Sangam’s lockstep comparison is another safety pattern — comparing two FPGAs’ outputs with debounced mismatch detection:

mismatch_detected = (lockstep_rx.phase_shift != phase_limited) ||
                    (lockstep_rx.state != state_reg) ||
                    (lockstep_rx.master_enable != master_enable)

on(clk.rise) {
    if lockstep_rx_valid {
        if mismatch_detected {
            if lockstep_mismatch_count < 10 {
                lockstep_mismatch_count = lockstep_mismatch_count + 1
            } else {
                lockstep_fault = 1
            }
        } else {
            if lockstep_mismatch_count > 0 {
                lockstep_mismatch_count = lockstep_mismatch_count - 1
            }
        }
    }
}

Ten consecutive mismatches trigger a lockstep fault. Single-cycle disagreements (noise, slight timing differences) are filtered out by the debounce counter. This is the kind of safety logic that looks simple but gets the details wrong in most first implementations — the saturating counter, the decrement-on-match, the threshold check.

In SystemVerilog, safety is entirely outside the language. There are no safety annotations — ECC protection, diagnostic coverage, detection signals, and FMEDA classification are tracked in external documents (usually Excel spreadsheets). The connection between a module’s RTL and its row in the FMEDA is maintained by convention: someone writes “this module has ECC” in a spreadsheet cell and hopes it stays true.

skalp’s #[safety_mechanism] and #[detection_signal] annotations are machine-readable. The fault injection system uses them to classify failure rates, identify detection signals, and generate FMEDA entries automatically. When you change the design, the safety analysis updates with it. In SystemVerilog, the design and the safety documentation are separate artifacts that drift apart.

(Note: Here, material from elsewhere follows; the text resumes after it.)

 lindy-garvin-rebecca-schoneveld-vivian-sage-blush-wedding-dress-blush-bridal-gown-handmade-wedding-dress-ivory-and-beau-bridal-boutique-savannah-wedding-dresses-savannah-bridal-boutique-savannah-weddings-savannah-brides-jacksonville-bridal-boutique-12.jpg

Similarly, #[memory(style = register)] is a synthesis hint that SystemVerilog handles with tool-specific pragmas ((* ram_style = "distributed" *) for Xilinx, /* synthesis ramstyle = "logic" */ for Intel). Each vendor’s pragma is different, and they’re stringly-typed — a typo is silently ignored.

Debug Infrastructure

Karythra uses trace and breakpoint annotations for simulation visibility:

#[trace(group = "pipeline_s1", display_name = "S1 Valid")]
signal pipe1_valid: bit

#[trace(group = "pipeline_s1", radix = hex)]
signal pipe1_hash1: Hash

#[breakpoint(is_error = true, name = "R0_WRITE_VIOLATION",
             message = "Attempted write to protected r0 register")]
signal r0_write_attempt: bit
r0_write_attempt = wr_enable && rd_addr == 0

#[trace] groups signals for waveform visualization. The group parameter organizes related signals together; radix controls display format; display_name overrides the signal name in the viewer.

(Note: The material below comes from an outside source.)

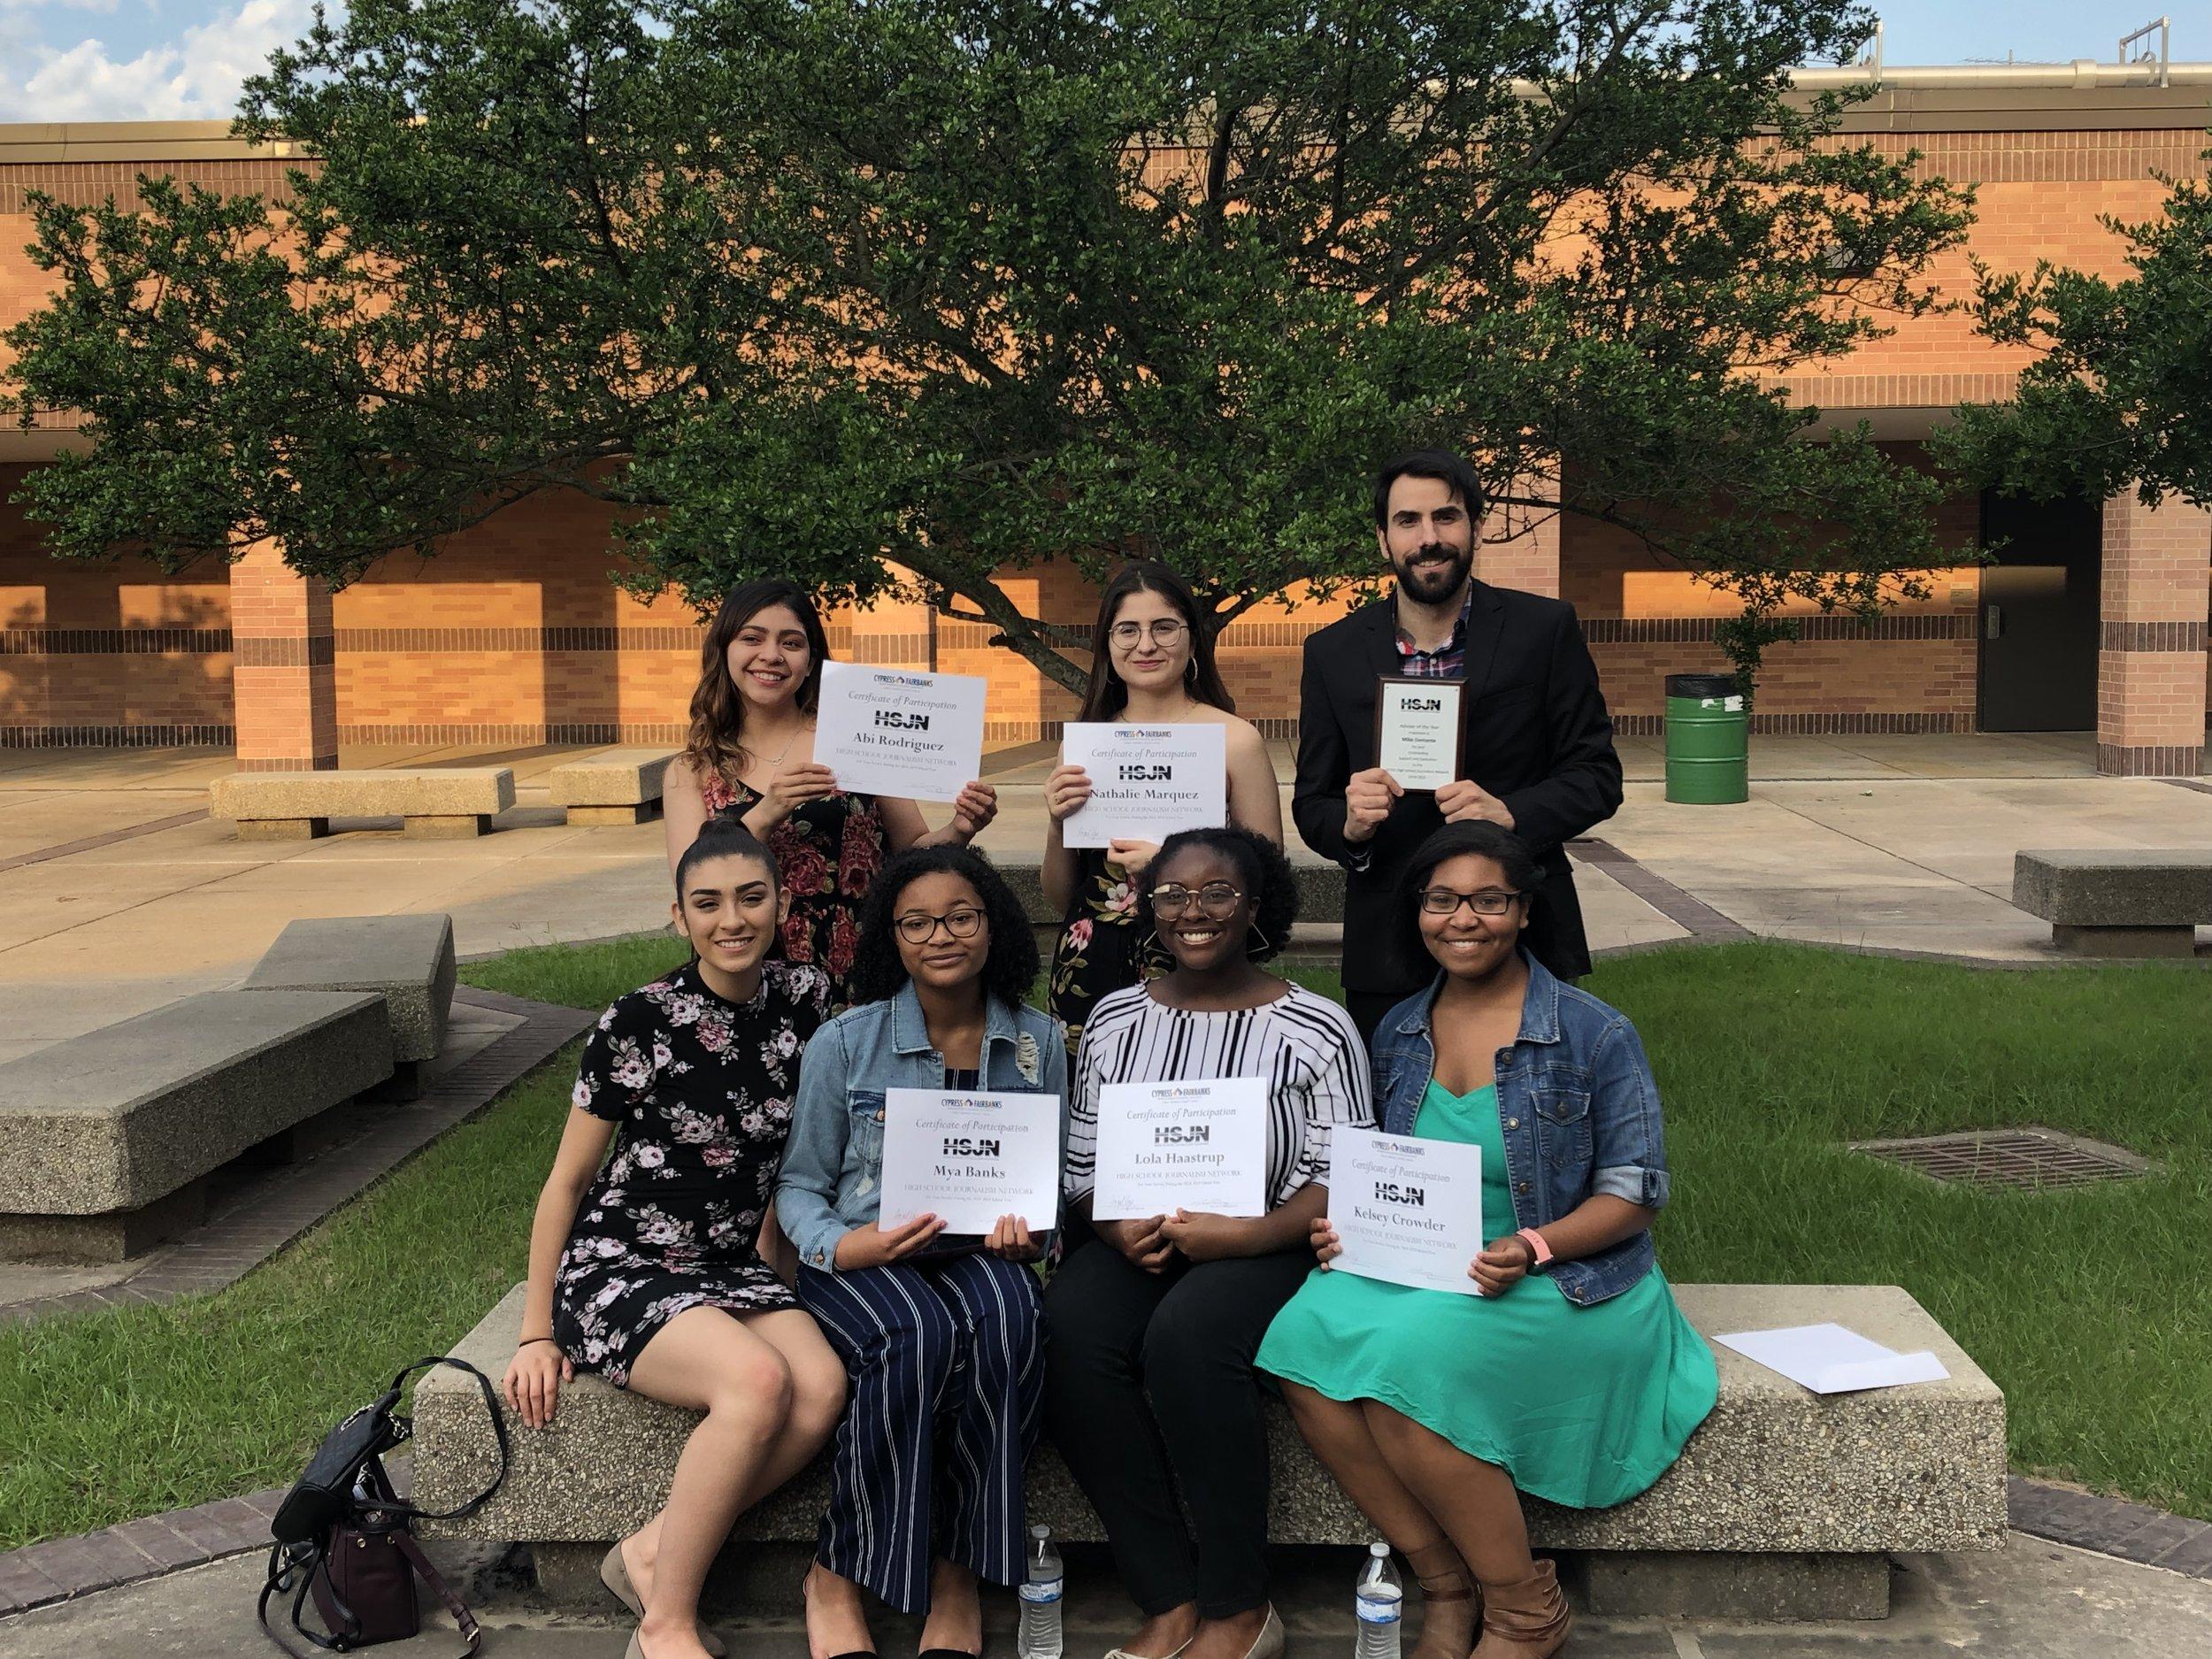 The journalism department receives awards at HSJN. (Noah Spencer)

#[breakpoint] with is_error = true halts simulation when the condition is met. The r0_write_attempt example catches illegal writes to the zero register — a bug that would silently corrupt state in Verilog but triggers an immediate, named error in skalp simulation.

These annotations have zero cost in synthesis — they’re stripped during compilation. But they make simulation debugging dramatically faster because the waveform viewer knows which signals matter and how to display them.

In SystemVerilog, the equivalent debug infrastructure is scattered across multiple mechanisms:

// Waveform grouping: done in the simulator GUI, not in the source
// You manually drag signals into groups every time you open the waveform

// Breakpoints: SystemVerilog assertions
assert property (@(posedge clk) !(wr_enable && rd_addr == 0))
    else $error("R0_WRITE_VIOLATION: Attempted write to protected r0 register");

SystemVerilog assertions (SVA) are powerful for the breakpoint use case — assert property can express complex temporal conditions. But waveform organization has no language support at all. Every engineer manually configures their waveform viewer, creating .do files or .gtkw scripts that aren’t checked into version control and aren’t portable between tools.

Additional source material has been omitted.